She choked, spluttered.
A moment drifted past. The room felt cold; the flames shivered in the fireplace behind me. Then she spoke into the cushion.
“What?” Ed asked.
Lifting her head, her cheeks smeared, Olivia addressed the window. “I want to go home.”
I watched her face, her quaking lip, her streaming nose; and then I watched Ed, the creases in his forehead, the hollows beneath his eyes.
Did I do this to us?
Snow beyond the window. I watched it fall, saw the three of us collected in the glass: my husband and my daughter and me, huddled by the fire together.
A brief silence.
I stood, walked over to the desk. Marie looked up and shaped her lips into a tight smile. I smiled back.
“The storm,” I began.
“Yes, ma’am.”
“Is it . . . how close is it? Is it safe to drive?”
She frowned, rattled her fingers over her keyboard. “Heavy snowfall isn’t due for another couple of hours,” she said. “But—”
“Then could we—” I interrupted her. “Sorry.”
“I was just saying that winter storms are tough to predict.” She glanced over my shoulder. “Are you folks wanting to leave?”
I turned, looked at Olivia in the armchair, Ed crouching beside her. “I think we are.”
“In that case,” said Marie, “I’d say now’s the time to go.”
I nodded. “Could we get the bill, please?”
She said something in reply, but all I heard was the skirling wind, the crackle of flames.
36
The crackle of an overstarched pillowcase.
Footfalls nearby.
Then quiet—but a strange quiet, a different quality of quiet.
My eyes spring open.
I’m on my side, looking at a radiator.
And above the radiator, a window.
And outside the window, brickwork, the zigzag of a fire escape, the boxy rumps of AC units.
Another building.
I’m in a twin bed, sheathed in tucked-tight sheets. I twist, sit up.
I back into the pillow, telescope the room. It’s small, plainly furnished—barely furnished, really: a plastic chair against one wall, a walnut table beside the bed, a pale-pink tissue box on the table. A table lamp. A slim vase, empty. Dull linoleum floor. A door across from me, closed, frosted panel. Overhead, a quilt of stucco and fluorescents—
My fingers crumple the bedding.
Now it begins.
The far wall slides away, receding; the door within it shrinks. I look to the walls on either side of me, watch them ebb from each other. The ceiling shudders, creaks, peels off like a sardine tin, like a roof rent by a hurricane. The air goes with it, whipping from my lungs. The floor rumbles. The bed trembles.
Here I lie, on this heaving mattress, in this scalped room, with nothing to breathe.
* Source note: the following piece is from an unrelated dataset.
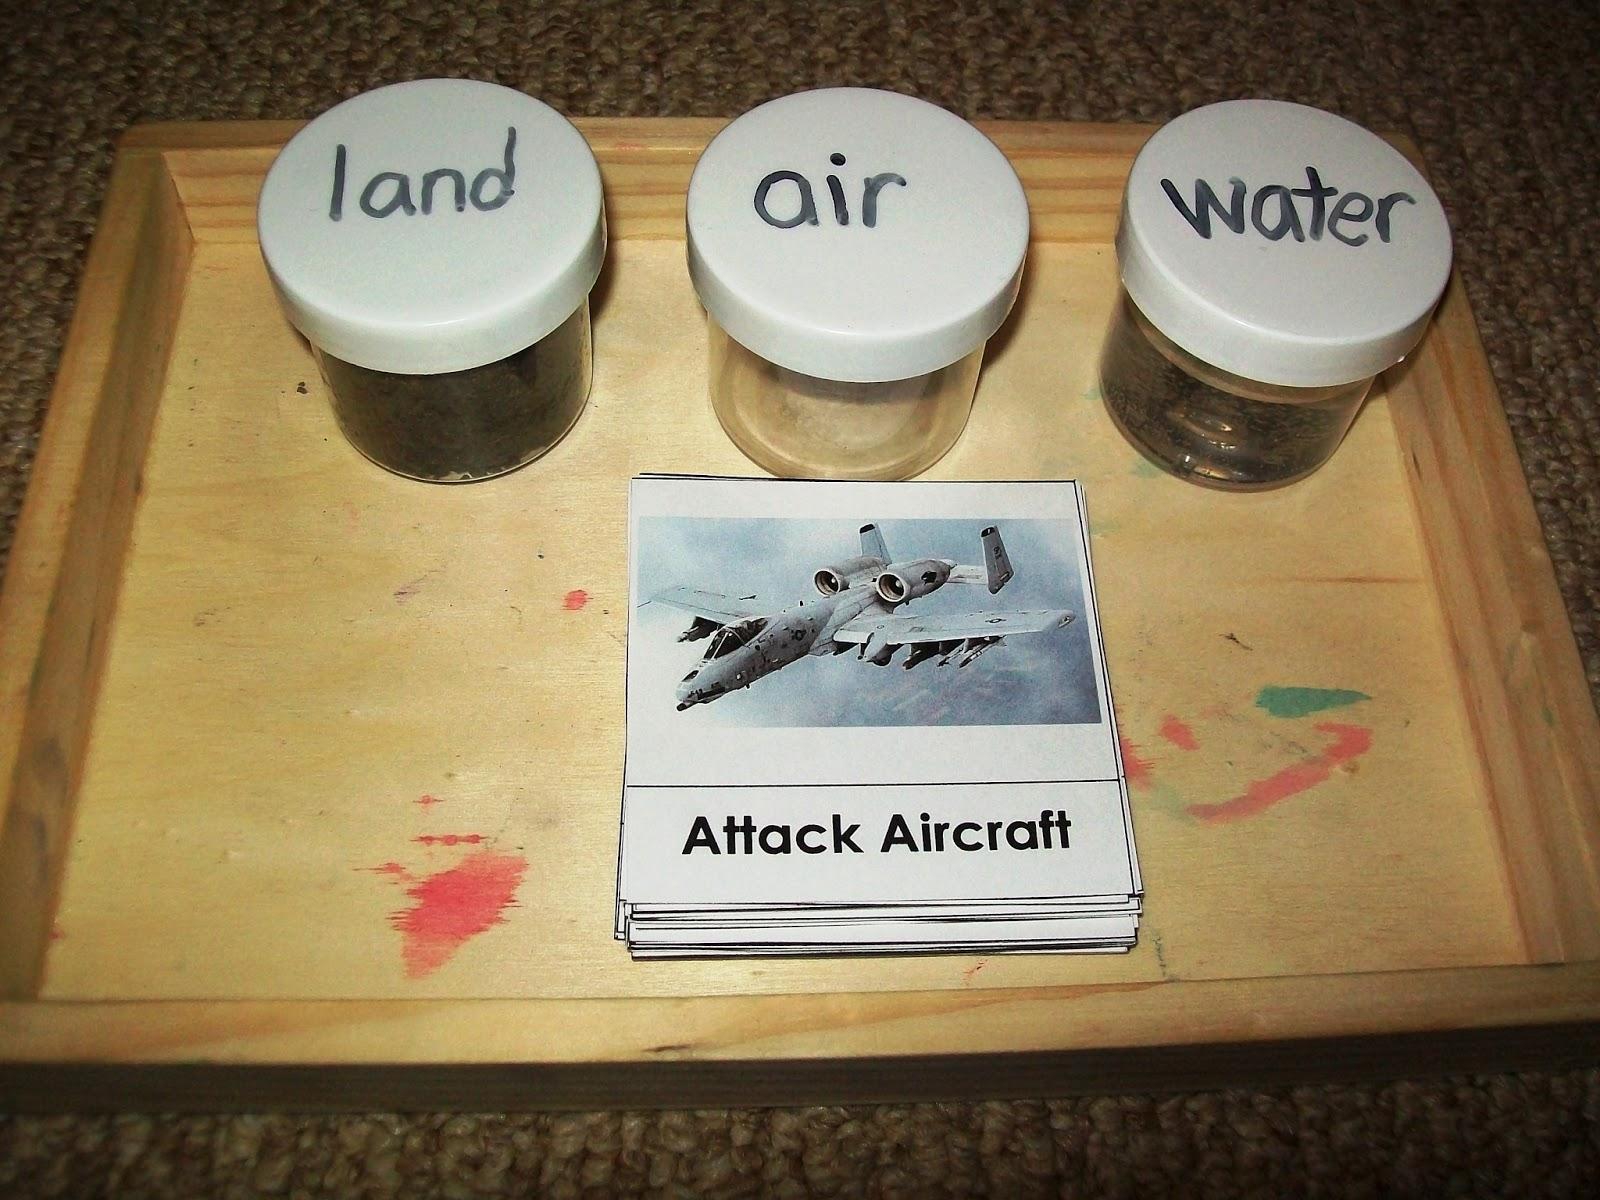 Worksheet Vehicles Air Land Water
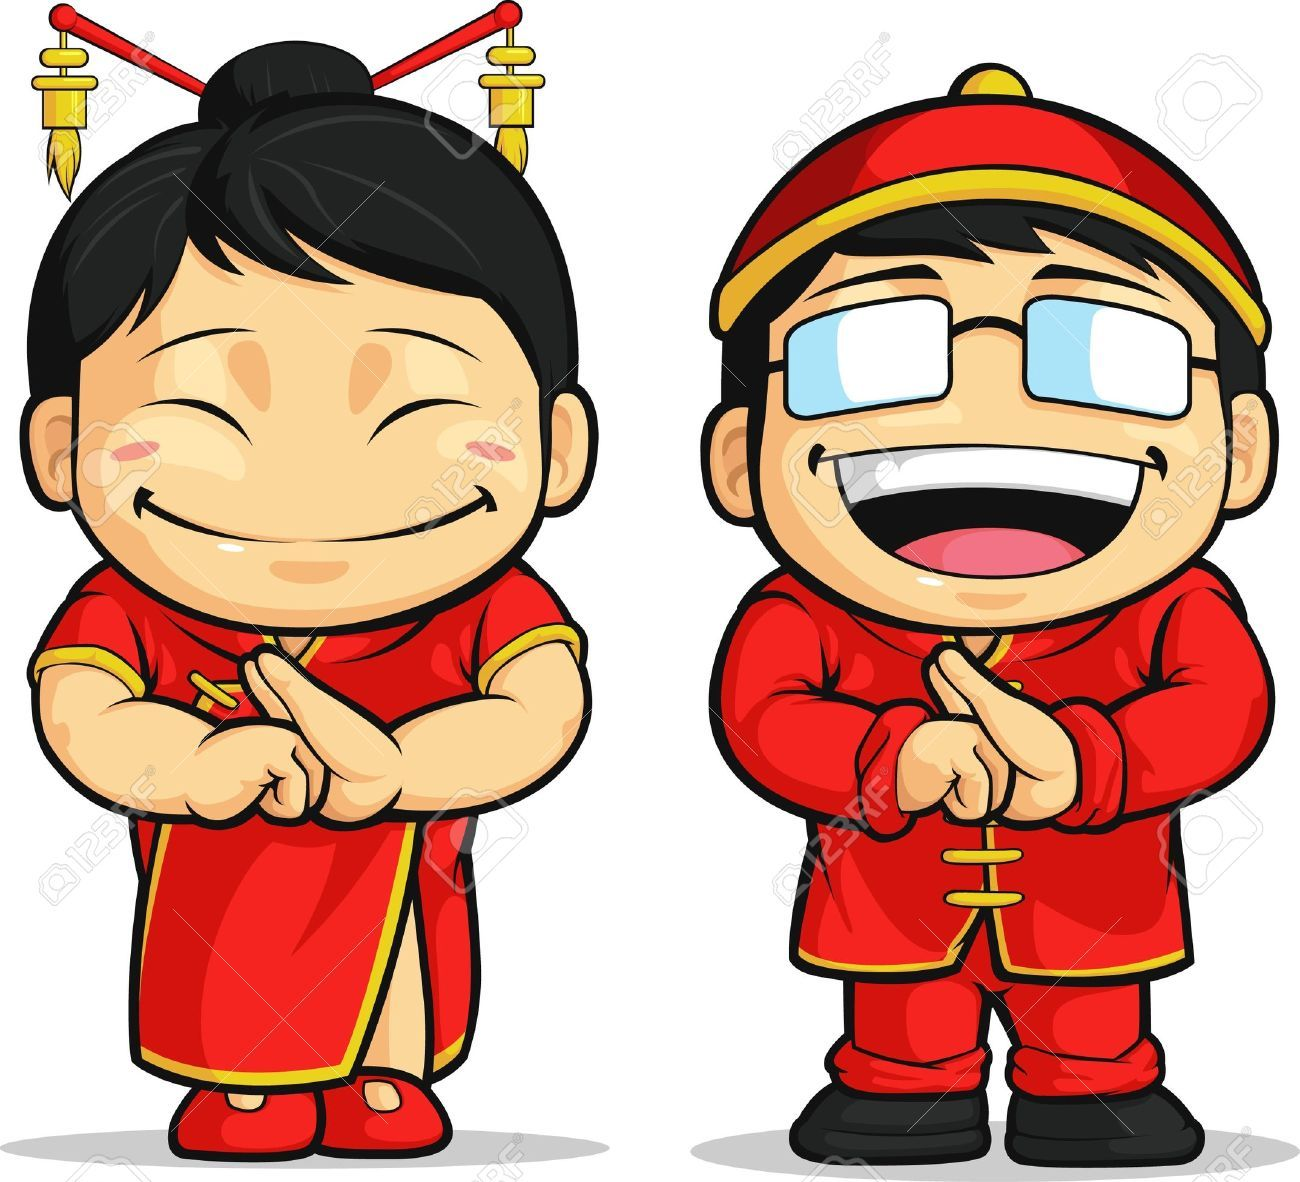 Cartoon of boy girl. China clipart kid chinese

I’m drowning in the bed, dying in the bed.
“Help,” I shout, only it’s a whisper, creeping through my throat on tiptoe, smearing itself across my tongue. “He-elp,” I try again; this time my teeth bite into it, sparks raining from my mouth as though I’ve chewed a live wire, and my voice catches like a fuse, explodes.
I scream.
I hear voices rumble, watch as a scrimmage of shadows crowds through that distant door, lunges toward me, bounding in impossible strides across the endless, endless room.
I scream again. The shadows scatter in a flock, flare around my bed.
“Help,” I plead, with the last gasp of air in my body.
Then a needle slips into my arm. It’s deftly done—I hardly feel a thing.
A wave rolls above me, soundless and smooth. I’m floating, suspended, in some radiant abyss, deep, cool. Words dart around me like fish.
“Coming back now,” someone murmurs.
“. . . stable,” says someone else.
And then, clearly, as though I’ve just surfaced, just drained water from my ear: “Just in time.”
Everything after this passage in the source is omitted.